Exercise = Write the line that contains "Schuhe Olang im Baum - scarpe - shoes" and each one after it, word for word, ending with the final line of the data.

[Dataset items]
----------------------------------------

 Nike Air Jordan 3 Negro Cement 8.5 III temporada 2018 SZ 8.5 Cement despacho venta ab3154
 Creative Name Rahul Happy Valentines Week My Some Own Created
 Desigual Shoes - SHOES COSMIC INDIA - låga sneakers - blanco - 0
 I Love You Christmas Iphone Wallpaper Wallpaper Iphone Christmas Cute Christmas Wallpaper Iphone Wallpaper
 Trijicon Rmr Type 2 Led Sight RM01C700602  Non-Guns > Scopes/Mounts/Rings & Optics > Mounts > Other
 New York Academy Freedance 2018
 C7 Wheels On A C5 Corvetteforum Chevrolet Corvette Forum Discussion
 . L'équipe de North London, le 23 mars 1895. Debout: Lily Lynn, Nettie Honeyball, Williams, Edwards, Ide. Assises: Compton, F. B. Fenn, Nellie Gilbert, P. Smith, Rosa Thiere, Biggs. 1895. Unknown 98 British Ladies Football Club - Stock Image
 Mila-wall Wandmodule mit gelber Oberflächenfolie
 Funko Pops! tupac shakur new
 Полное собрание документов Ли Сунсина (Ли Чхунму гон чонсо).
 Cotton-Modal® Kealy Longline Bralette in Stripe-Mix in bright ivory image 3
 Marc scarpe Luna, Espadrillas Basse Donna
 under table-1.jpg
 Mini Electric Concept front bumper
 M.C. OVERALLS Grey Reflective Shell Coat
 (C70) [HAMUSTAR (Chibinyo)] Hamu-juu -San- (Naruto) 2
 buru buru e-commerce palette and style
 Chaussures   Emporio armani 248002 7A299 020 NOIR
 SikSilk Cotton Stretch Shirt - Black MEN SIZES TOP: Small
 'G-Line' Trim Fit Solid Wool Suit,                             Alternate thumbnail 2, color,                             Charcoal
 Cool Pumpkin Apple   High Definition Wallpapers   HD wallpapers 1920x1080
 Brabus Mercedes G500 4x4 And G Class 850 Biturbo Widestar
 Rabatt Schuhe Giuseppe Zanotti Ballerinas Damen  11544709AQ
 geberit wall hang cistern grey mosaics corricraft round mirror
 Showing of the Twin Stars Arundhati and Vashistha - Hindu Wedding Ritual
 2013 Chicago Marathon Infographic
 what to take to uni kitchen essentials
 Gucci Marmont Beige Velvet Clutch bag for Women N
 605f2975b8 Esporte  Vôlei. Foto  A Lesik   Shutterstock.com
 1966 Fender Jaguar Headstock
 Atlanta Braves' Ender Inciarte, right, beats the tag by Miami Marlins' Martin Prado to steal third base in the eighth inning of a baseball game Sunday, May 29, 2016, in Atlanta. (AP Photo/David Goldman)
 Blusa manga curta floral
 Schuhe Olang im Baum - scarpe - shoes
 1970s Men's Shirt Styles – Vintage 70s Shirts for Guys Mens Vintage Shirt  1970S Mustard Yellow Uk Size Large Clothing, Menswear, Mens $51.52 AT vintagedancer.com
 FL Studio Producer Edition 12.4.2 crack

----------------------------------------

Output of the exercise =
 Schuhe Olang im Baum - scarpe - shoes
 1970s Men's Shirt Styles – Vintage 70s Shirts for Guys Mens Vintage Shirt  1970S Mustard Yellow Uk Size Large Clothing, Menswear, Mens $51.52 AT vintagedancer.com
 FL Studio Producer Edition 12.4.2 crack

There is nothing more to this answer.